Politics

The Anti-Imperialism of Fools: Why the Jewish Left Needs to Take Globalization Seriously

The Anti-Imperialism of Fools:  Why the Jewish Left Needs to Take Globalization Seriously

— Mark my words Mr. Dedalus, he said, England is in the hands of Jews.  In all the highest places; her finance, her press.  And they are signs of the nation’s decay.  Wherever they gather they eat up a nation’s vital strength. I have seen it coming these years. As sure as we are standing here the Jew merchants are already at their destruction.  Old England is dying…

— A merchant, Stephen said, is one who buys cheap and sells dear, Jew or gentile, is he not?

— James Joyce, Ulysses

One of many things that complicates antisemitism is that it only rarely refers to Jews; indeed, it may not even need actual Jews to function, as we are learning from the re-birth of Right in Eastern Europe, a land so thoroughly ethnically cleansed, old Jewish gravestones have been used to pave streets. In a way I can almost forgive the pro-Israel crowd for thinking all criticism of Israel is antisemitic — at least there are Jews there, who hold real power, and are committing actual crimes worthy of criticism.  So I was alarmed if not surprised the other week when the Trump administration, facing sharp criticism for tariffs on steel and aluminum, referred to their resigning economic adviser Gary Cohn as a “globalist” — and has used the term several times to mock critics of economic nationalism.

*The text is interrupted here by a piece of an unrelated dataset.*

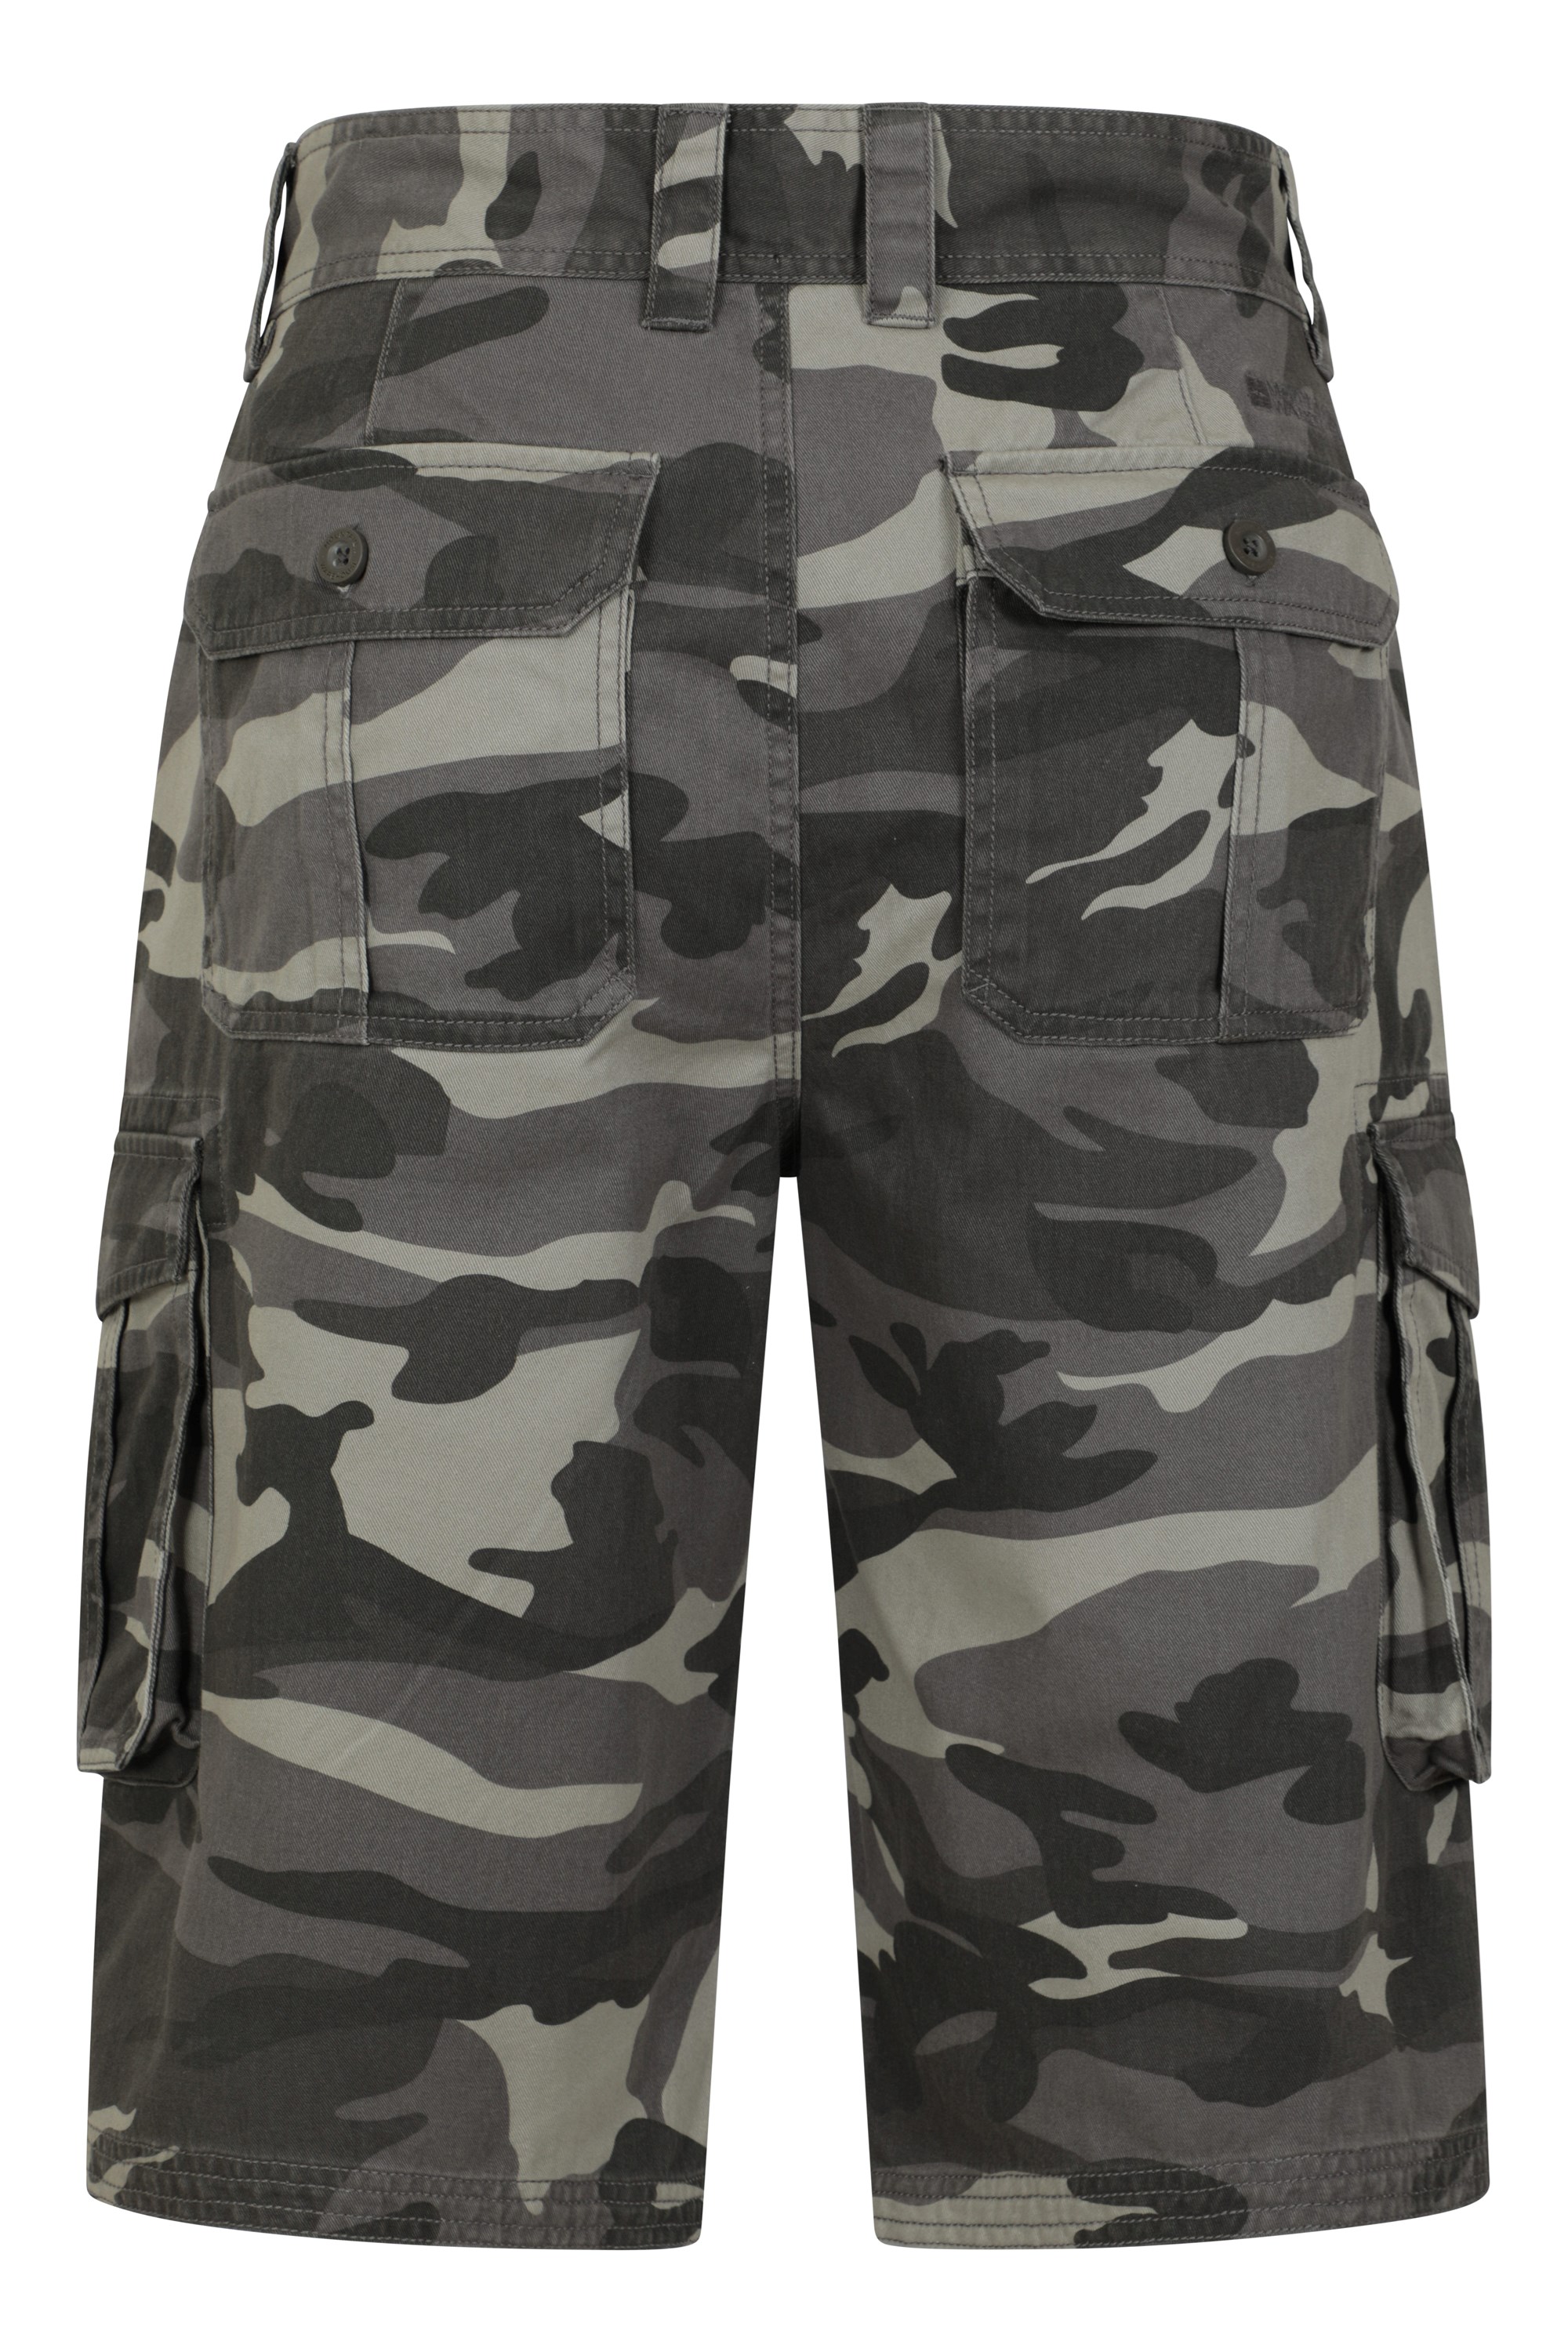 Mountain Warehouse Mens Camo Cargo Shorts - Black | Size W36

The term “globalist” has been pointed out to have a long antisemitic history, one that locates the Jew as a stand-in for international capitalism — cosmopolitan, without borders or roots to the land. If the Alt-Right’s nationalist rallying cry is the Nazi slogan of “blood and soil,” then the Jew is by contrast ethnically alien and perpetually foreign. As Marx pointed out in “The Jewish Question,” all the qualities of money that are threatening to a Christian state — its materiality, its fungibility, its universality, its abstraction — are also all the qualities that are transferred onto the category of “The Jew.” For the Right, which places race at the center of all ontological meaning, “The Jew” explains capitalism — it is its racial base, you could say — what the circulation of value would be to a Marxist.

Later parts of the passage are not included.